SHERKALA has been trained on a meticulously curated dataset and optimized to perform comparably to larger models on key measures, proving that scale alone does not determine capability. Unlike most Kazakh-centric or multilingual models, SHERKALA has been rigorously benchmarked against human-curated Kazakh-specific tests, ensuring superior comprehension and contextual intelligence. Trained on Condor Galaxy, one of the world's most advanced AI supercomputers, SHERKALA achieves exceptional computational efficiency while maintaining high precision in both training and inference. With evaluations validating its superior generation quality, SHERKALA sets a new benchmark for open-source Kazakh LLM, by delivering fluid, contextually relevant, and culturally precise responses.
Which industries or sectors in Kazakhstan do you anticipate will benefit most from SHERKALA's capabilities?
SHERKALA offers AI-driven solutions that can support various sectors in Kazakhstan by improving access to technology in the Kazakh language. In education, it can assist with digital learning, automated tutoring, and translation support for students and educators. Government and public services may benefit from improved multilingual communication, policy drafting, and citizen engagement. Furthermore, in finance and legal sectors, SHERKALA can aid in document processing, contract analysis, and compliance automation. As AI adoption grows, SHERKALA provides a foundation for enhancing accessibility and efficiency across industries that rely on language processing and communication.

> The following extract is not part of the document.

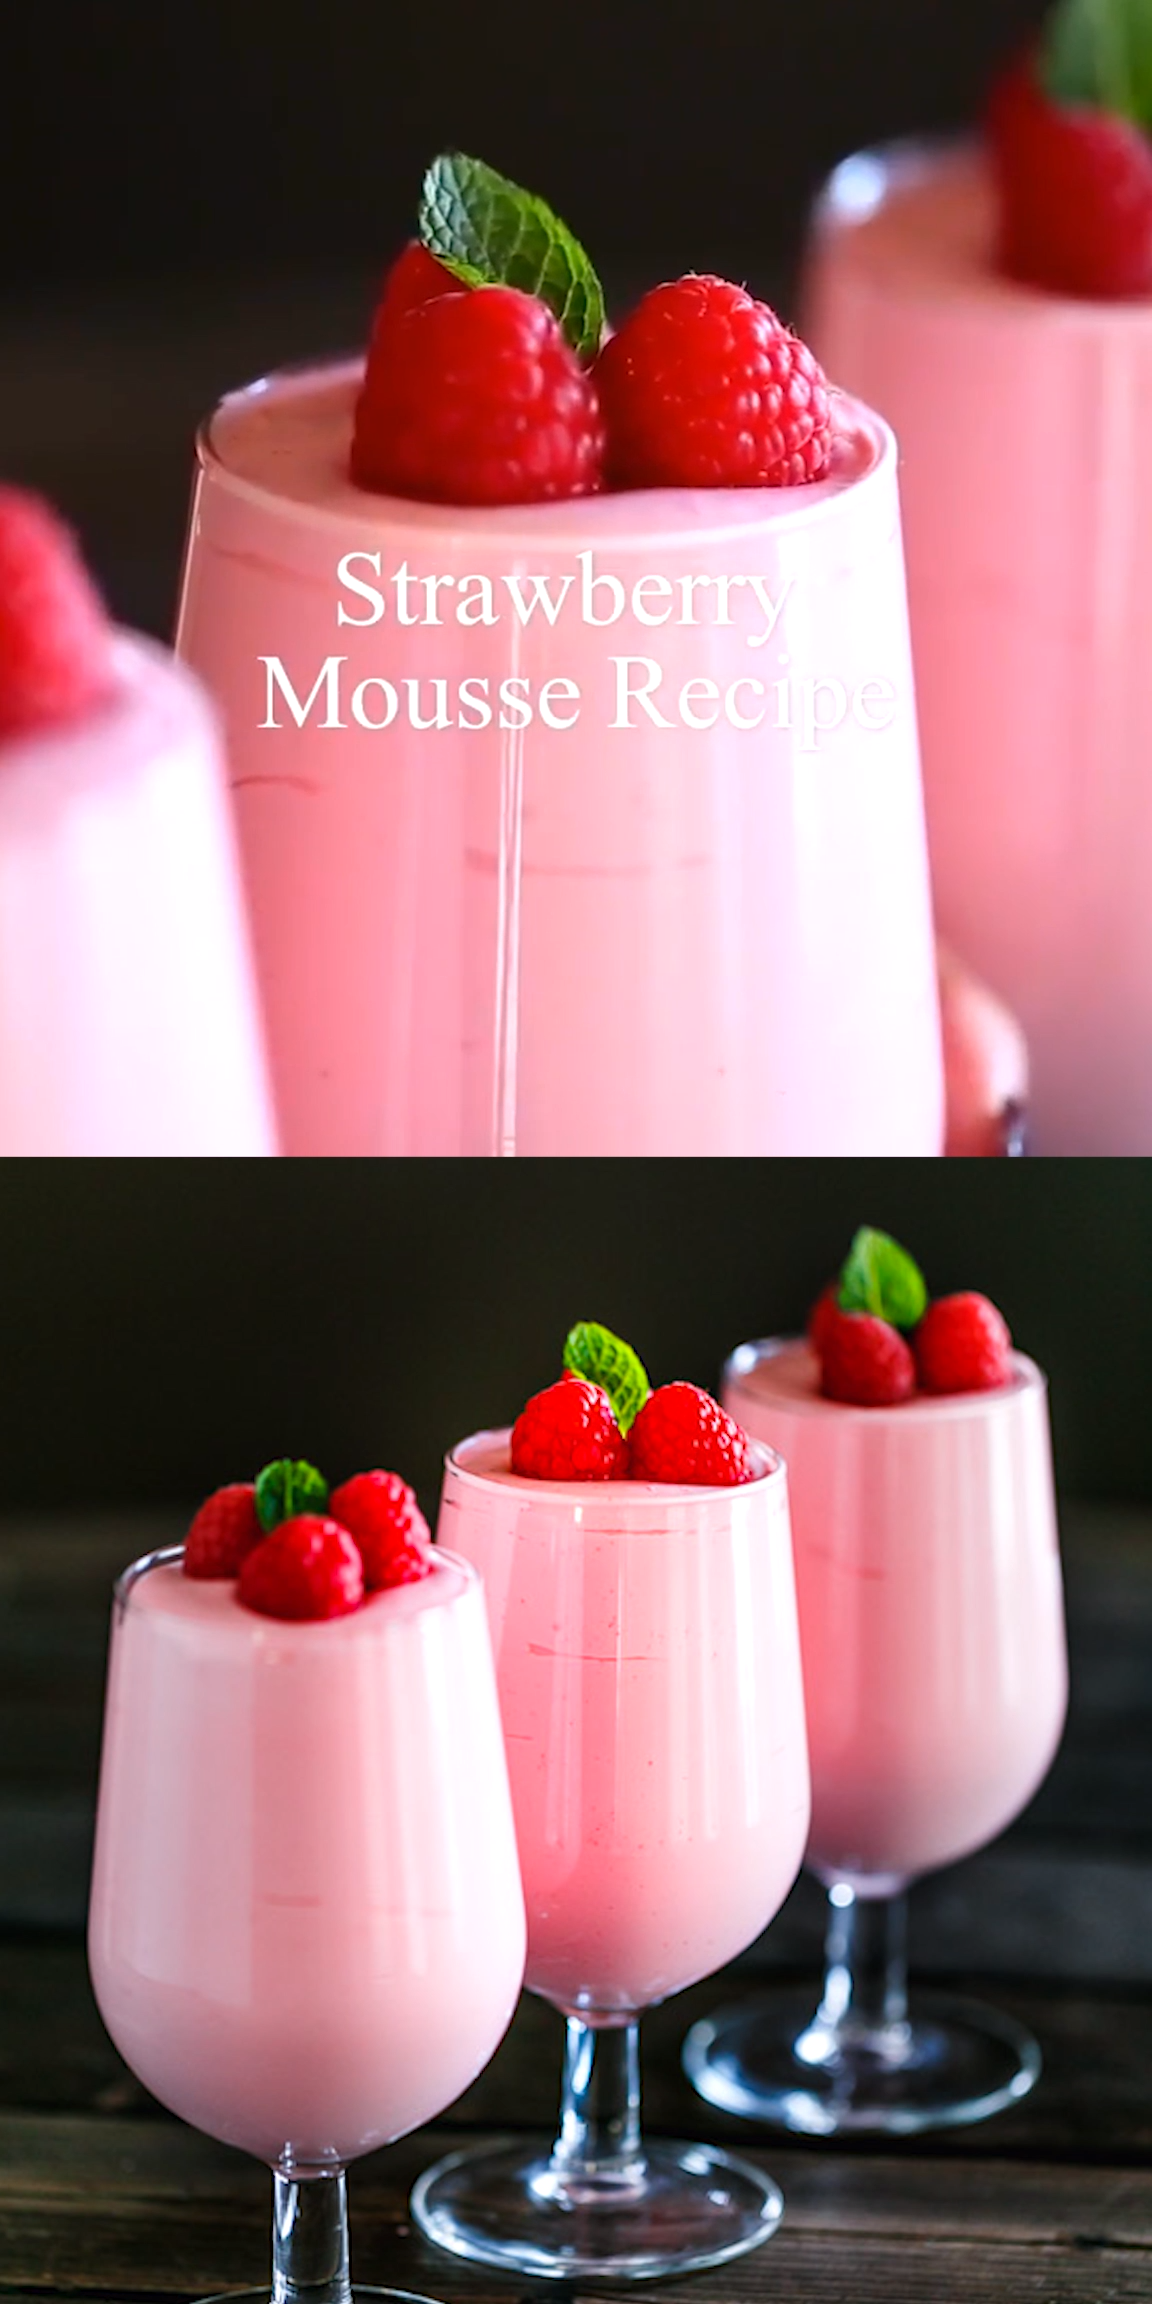 5-Ingredient No-Bake Strawberry Mousse

With SHERKALA joining JAIS and NANDA in your portfolio, what are your next steps for developing AI models for other linguistic communities?
Our journey to make AI accessible to all is just the beginning. With the success of JAIS, NANDA, the launch of SHERKALA has reinforced the need for more language-specific AI solutions, particularly for regions where digital infrastructure is evolving. Our next steps involve expanding our AI model portfolio to support additional languages that remain underserved in the AI ecosystem. We are exploring opportunities in Central Asia, Africa, and Southeast Asia, where linguistic diversity is rich, but AI representation remains limited. Moreover, we are focused on refining our models to enhance multilingual interoperability, enabling seamless AI interactions across different languages while maintaining linguistic integrity. Our partnerships with Mohamed bin Zayed University of Artificial Intelligence (MBZUAI) and technology leaders will continue to drive this vision forward, ensuring that AI becomes a universally accessible tool for every language and culture.

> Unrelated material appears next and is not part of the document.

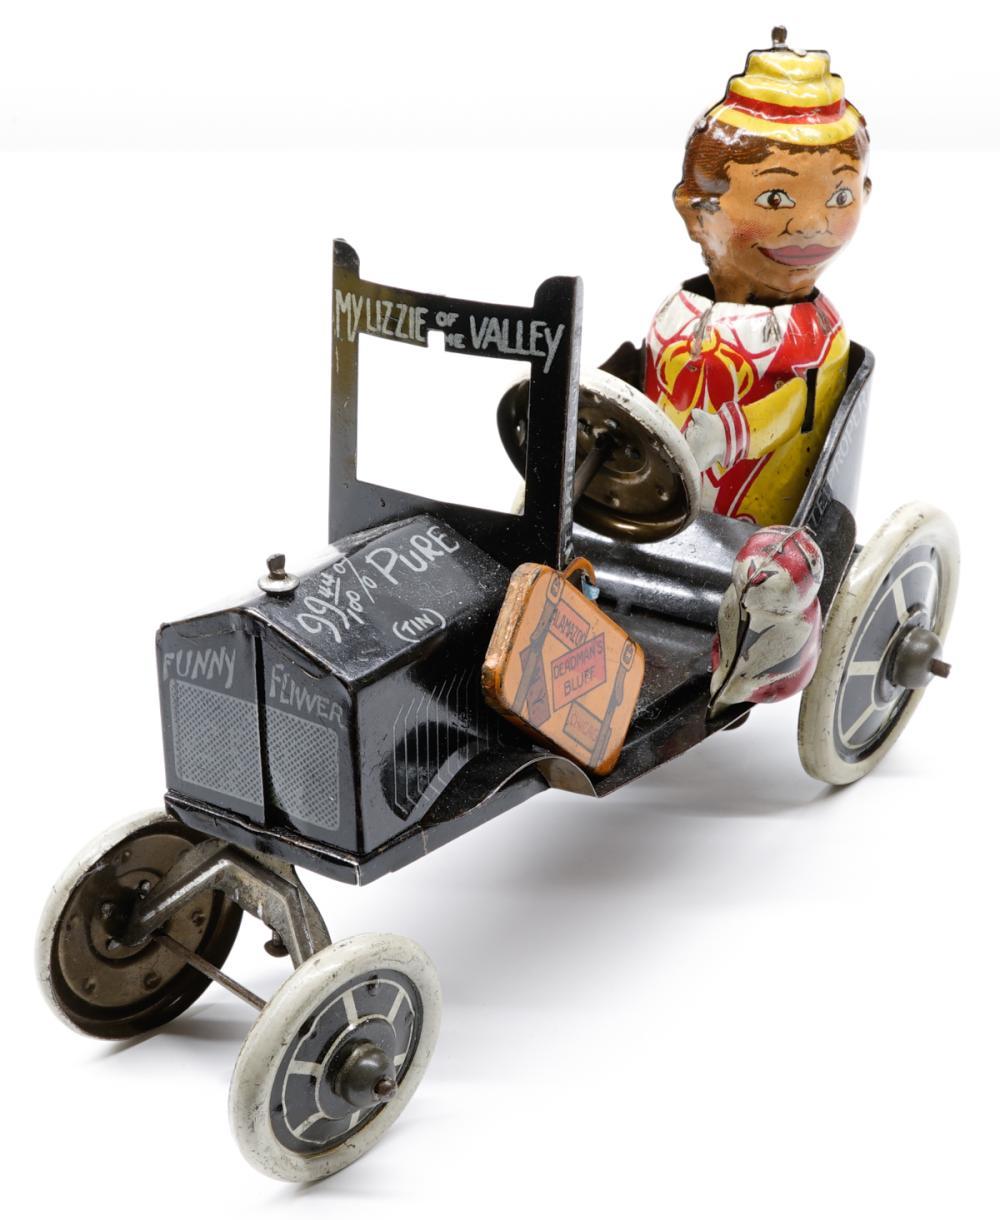 Marx Funny Fliver 4 Wheels No Breaks

How do you foresee AI's role in multilingual societies, and what steps should governments and businesses take to adopt AI in a responsible and inclusive manner?

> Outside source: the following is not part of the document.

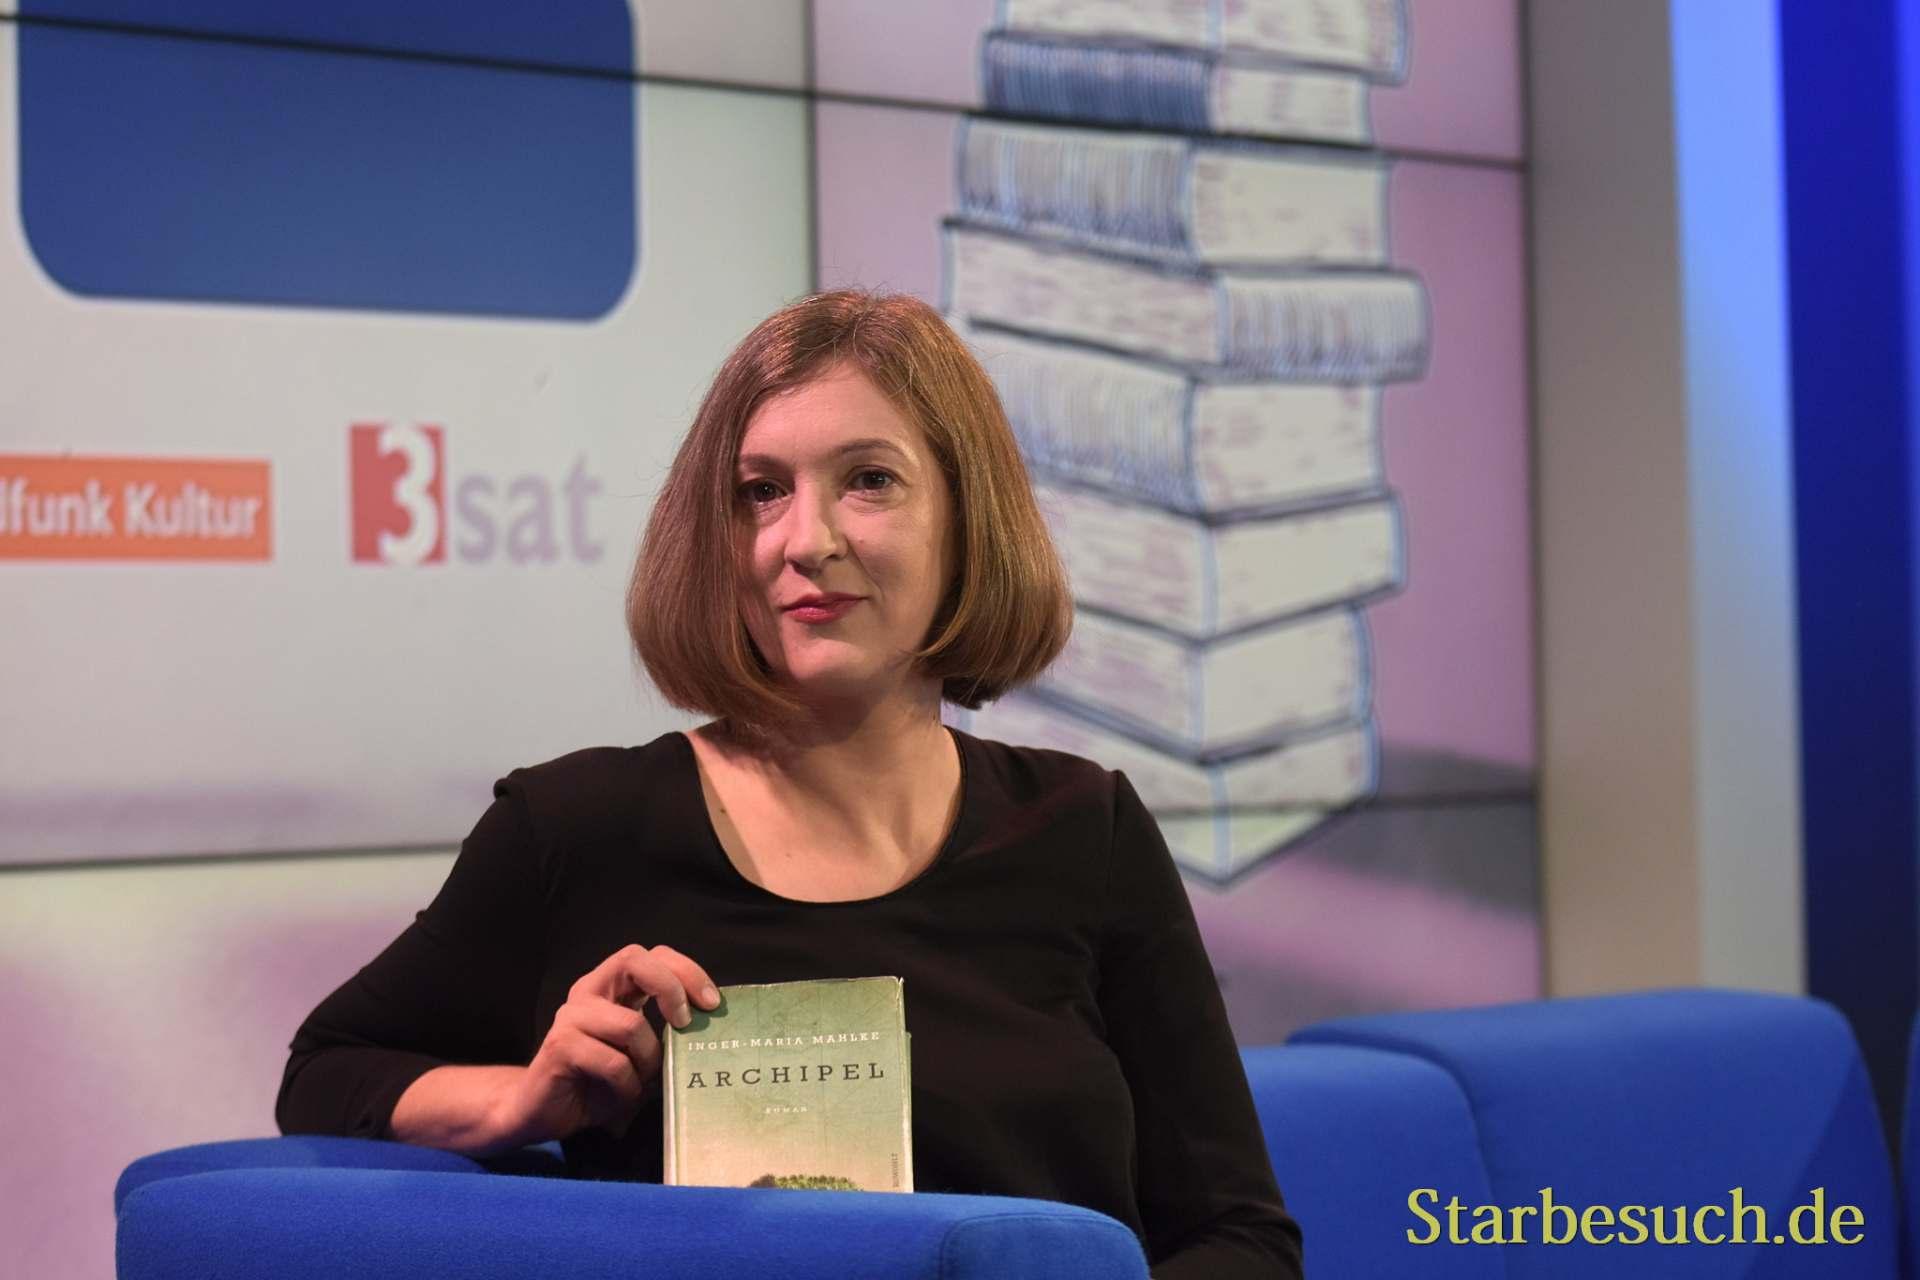 Inger-Maria Mahlke, Buchpreisträgerin 2018

AI has the potential to be the greatest equaliser in multilingual societies, breaking down language barriers, fostering inclusivity, and amplifying cultural identities on a global scale. However, realizing this vision requires a structured and ethical approach from both governments and businesses. First, governments must champion open-source AI development while ensuring transparency, security, and fairness in language AI models. Investment in AI education and research will be crucial to fostering homegrown AI talent that understands local linguistic needs. Businesses, on the other hand, must adopt AI-driven solutions that are both inclusive and responsible, ensuring that AI does not reinforce biases or marginalize certain linguistic groups. Collaboration between the public and private sectors will be key in setting ethical AI frameworks, promoting responsible data practices, and ensuring that AI serves as an enabler of progress rather than a disruptor of linguistic diversity. SHERKALA is a prime example of how AI can be harnessed responsibly to empower communities and create a more connected, inclusive future.